▶ **To do**
This exercise requires an exact output of the listing, images omitted.

▶ **Information supplied**

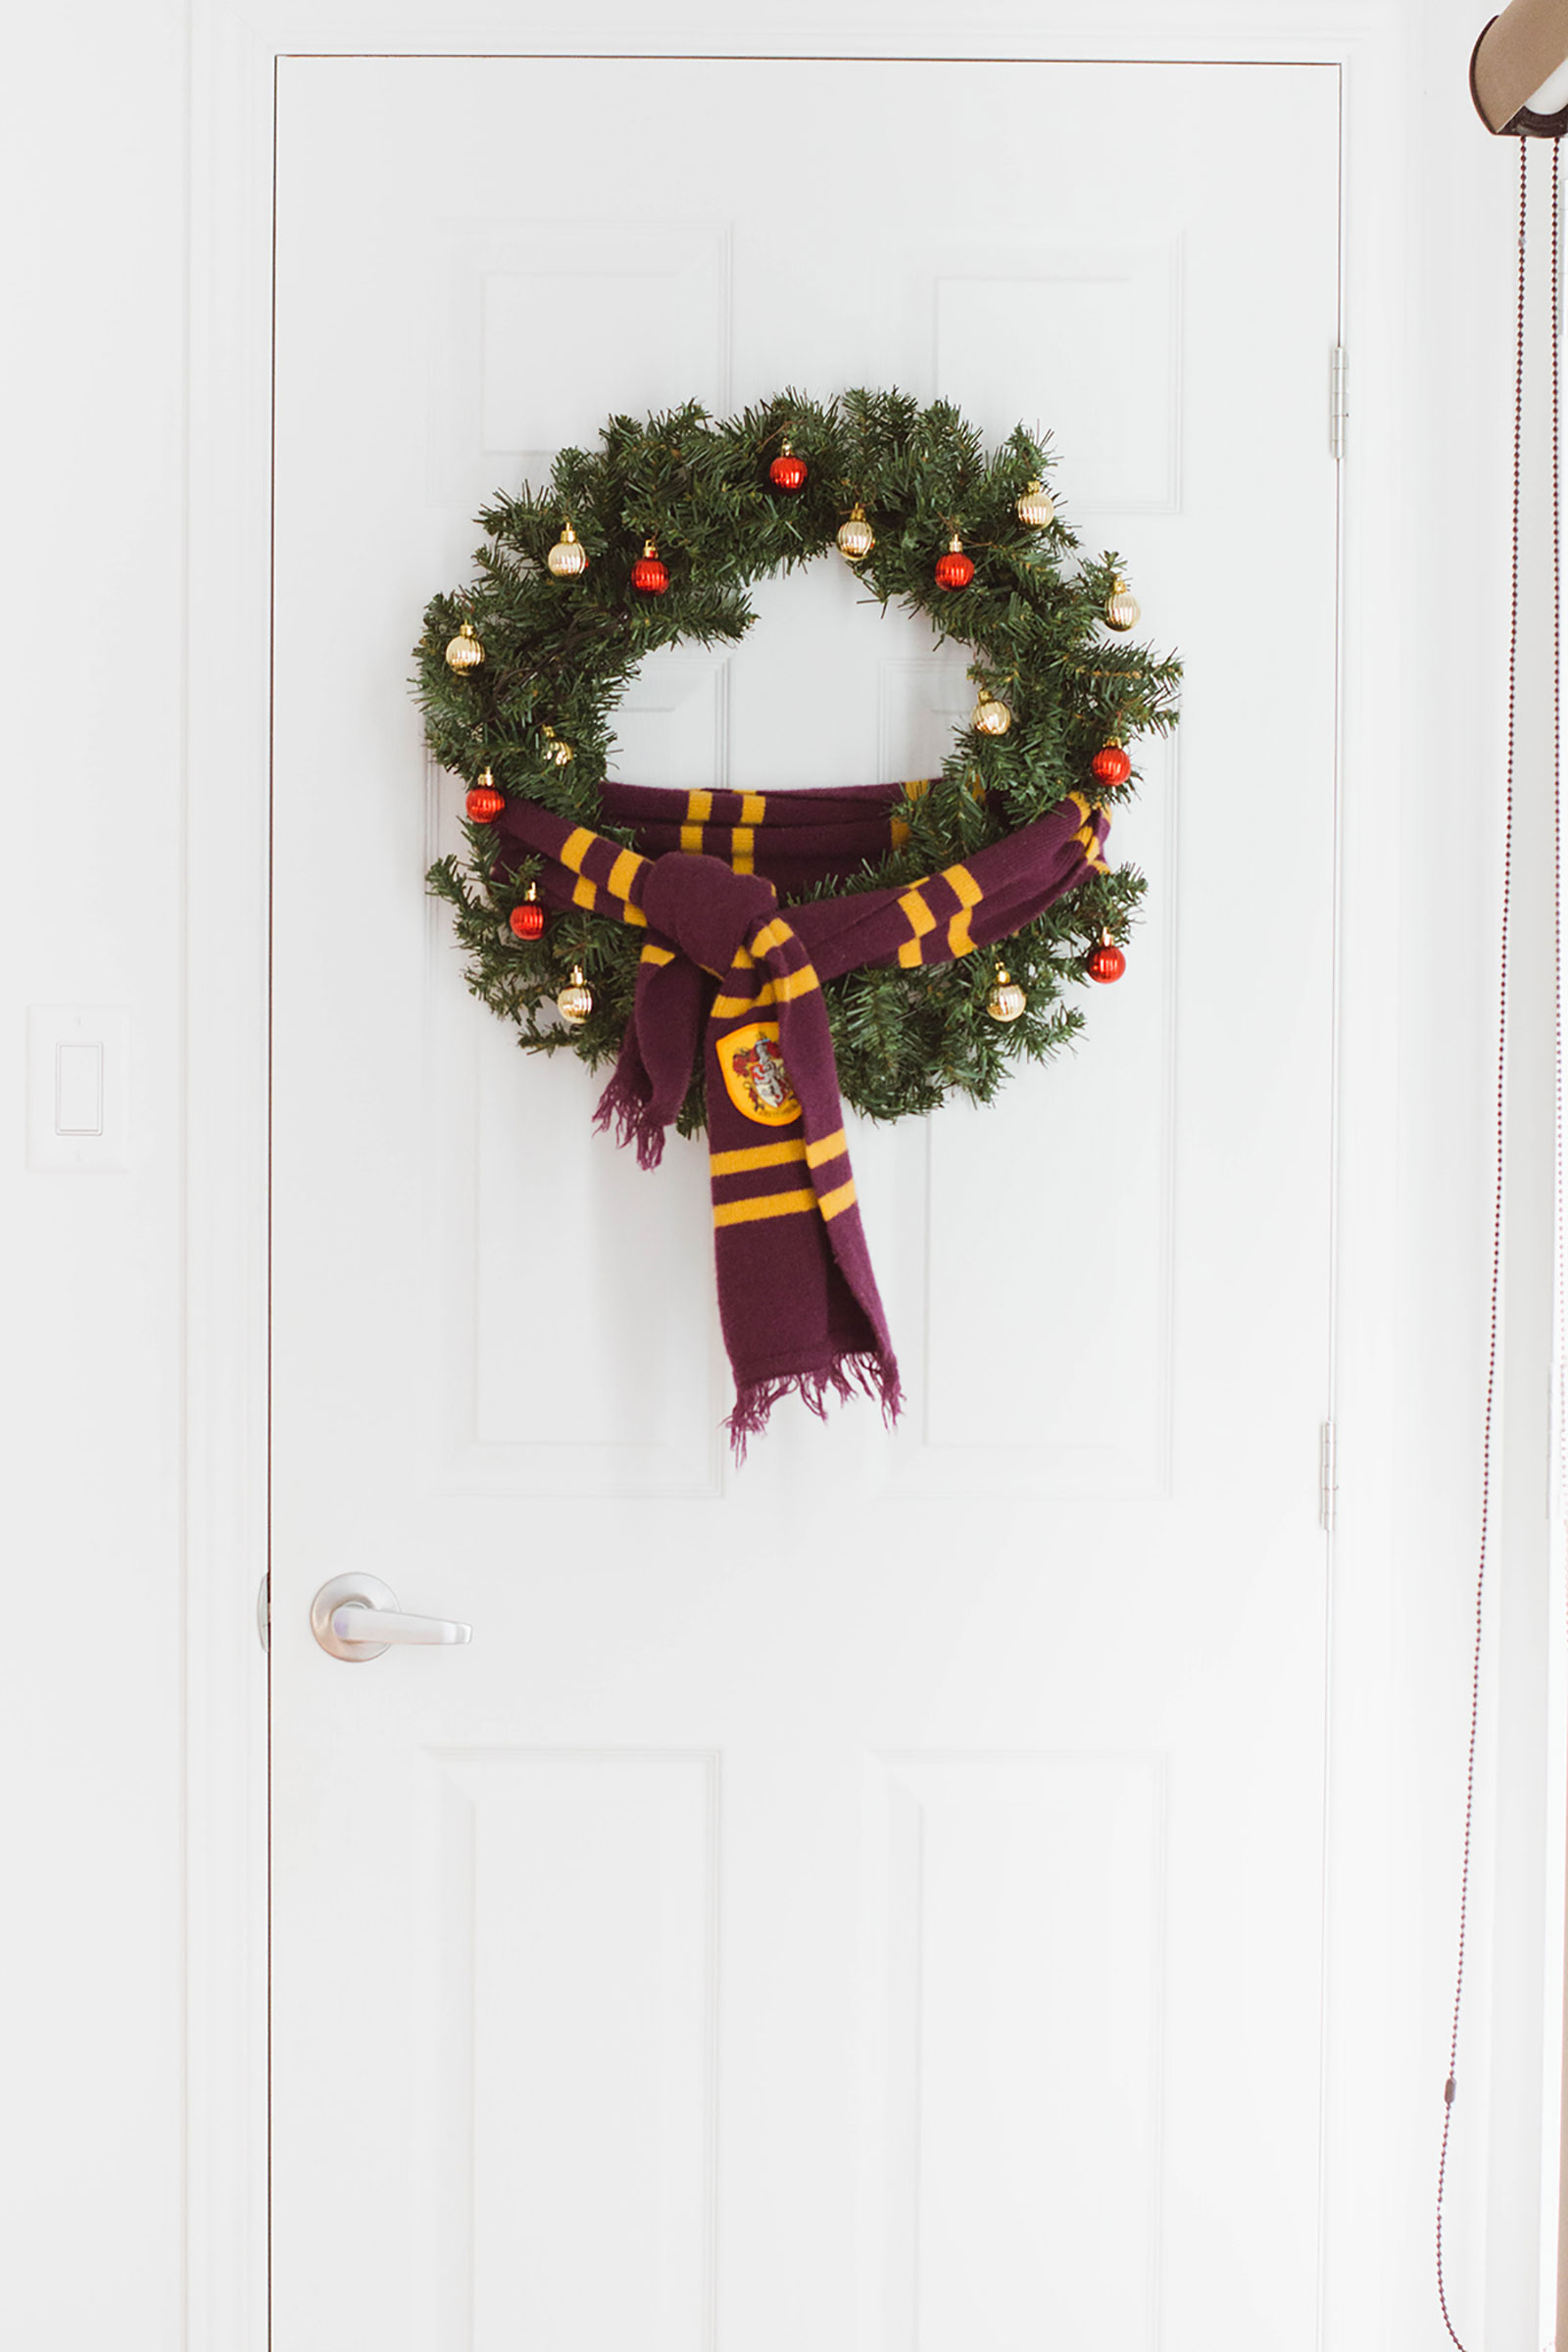 Christmas Reveal: Our Holiday Decor Inspired by Harry Potter
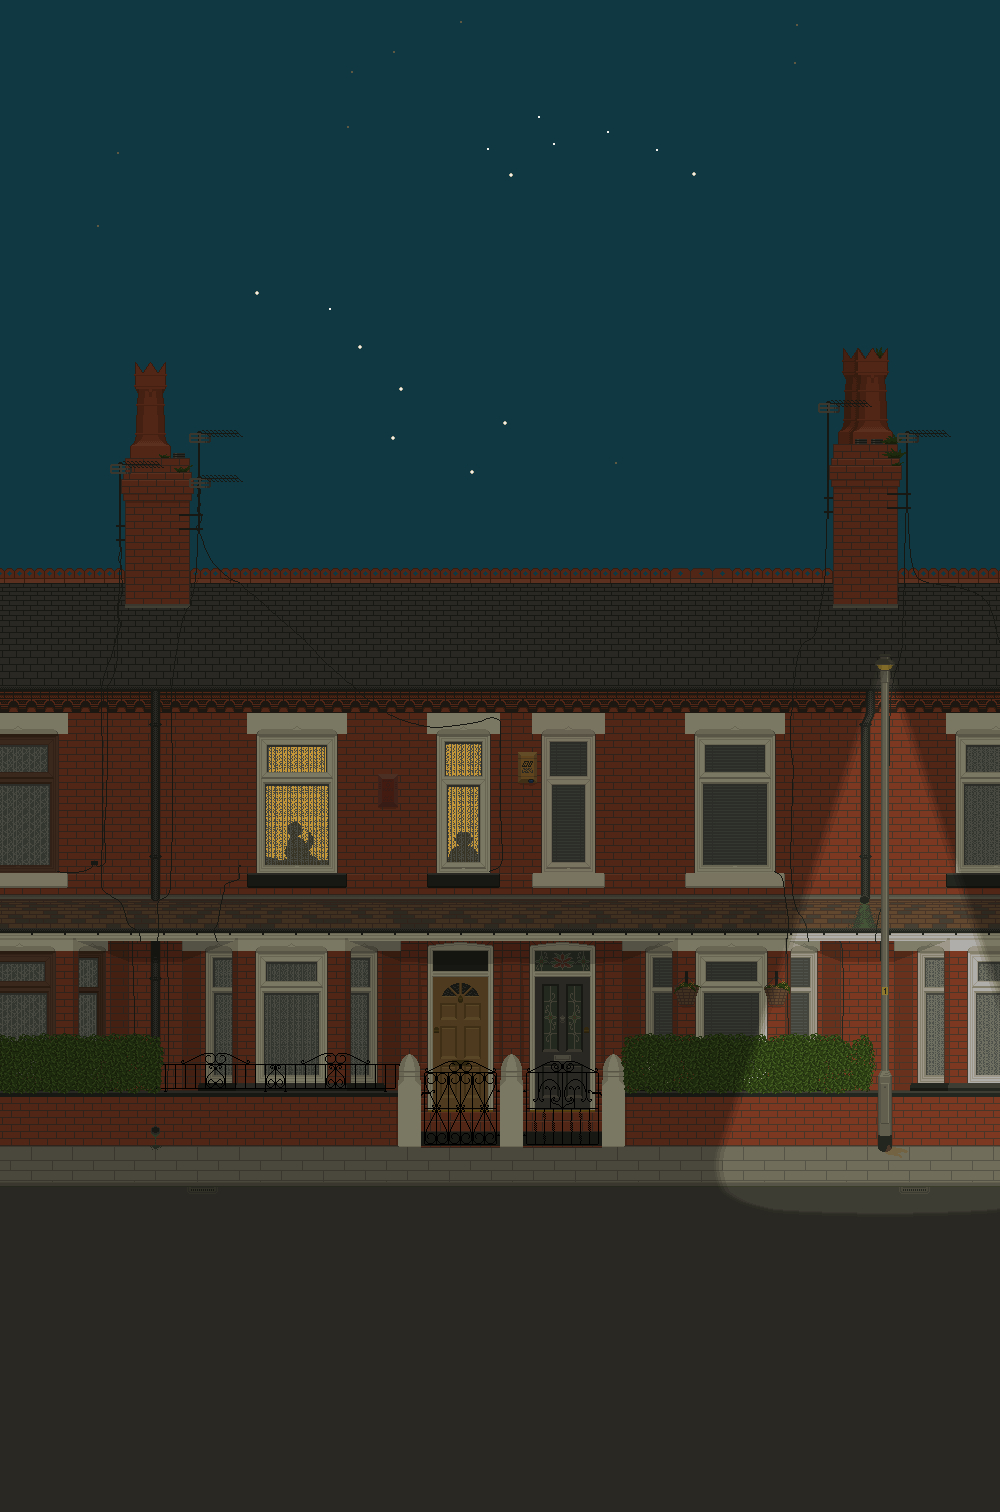 A pixel art illustration based on a terraced house in Salford.
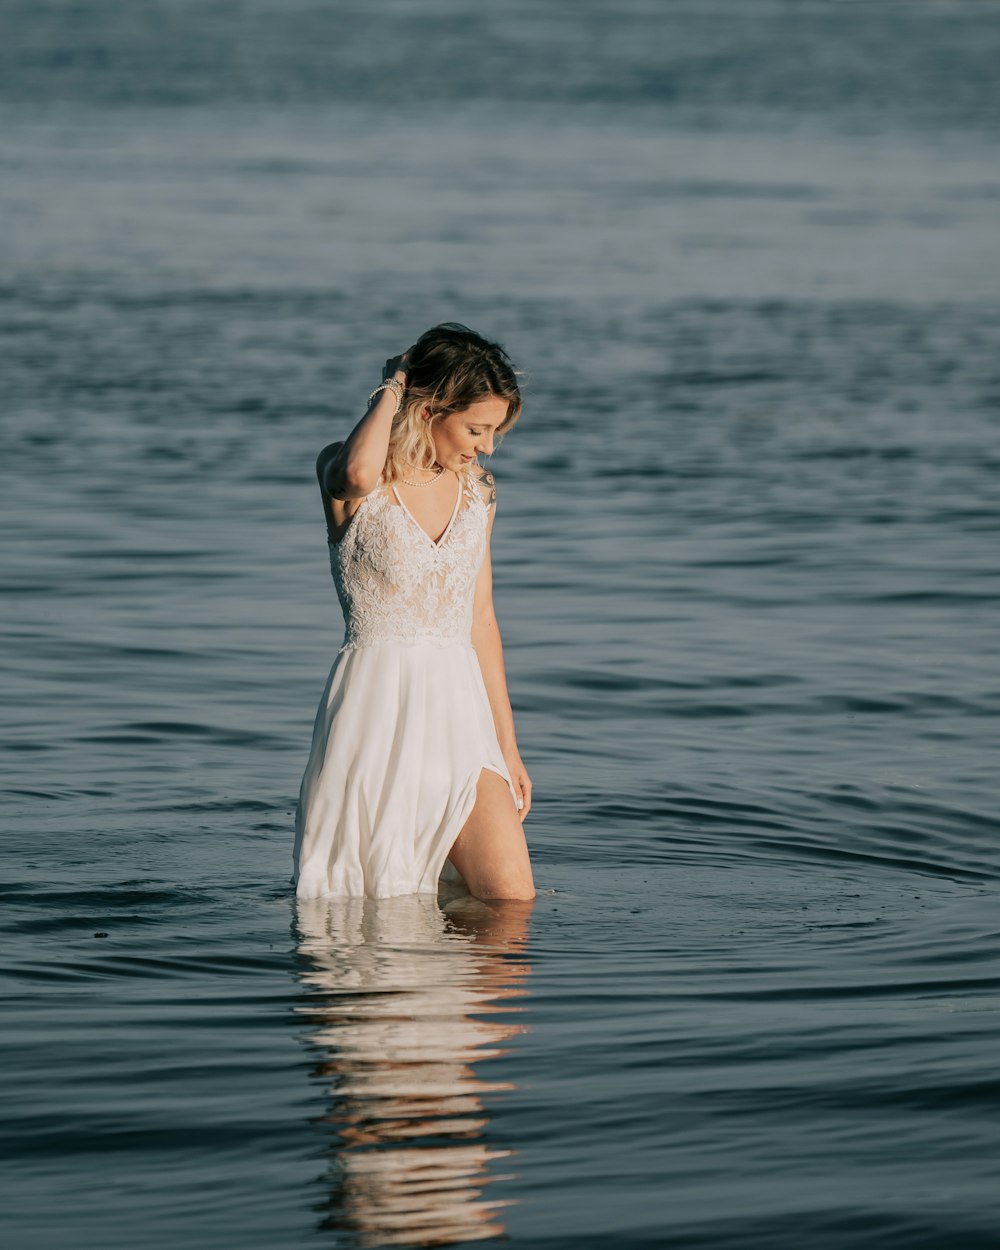 a person in a white dress standing in water

▶ **Task output**
 Christmas Reveal: Our Holiday Decor Inspired by Harry Potter
 A pixel art illustration based on a terraced house in Salford.
 a person in a white dress standing in water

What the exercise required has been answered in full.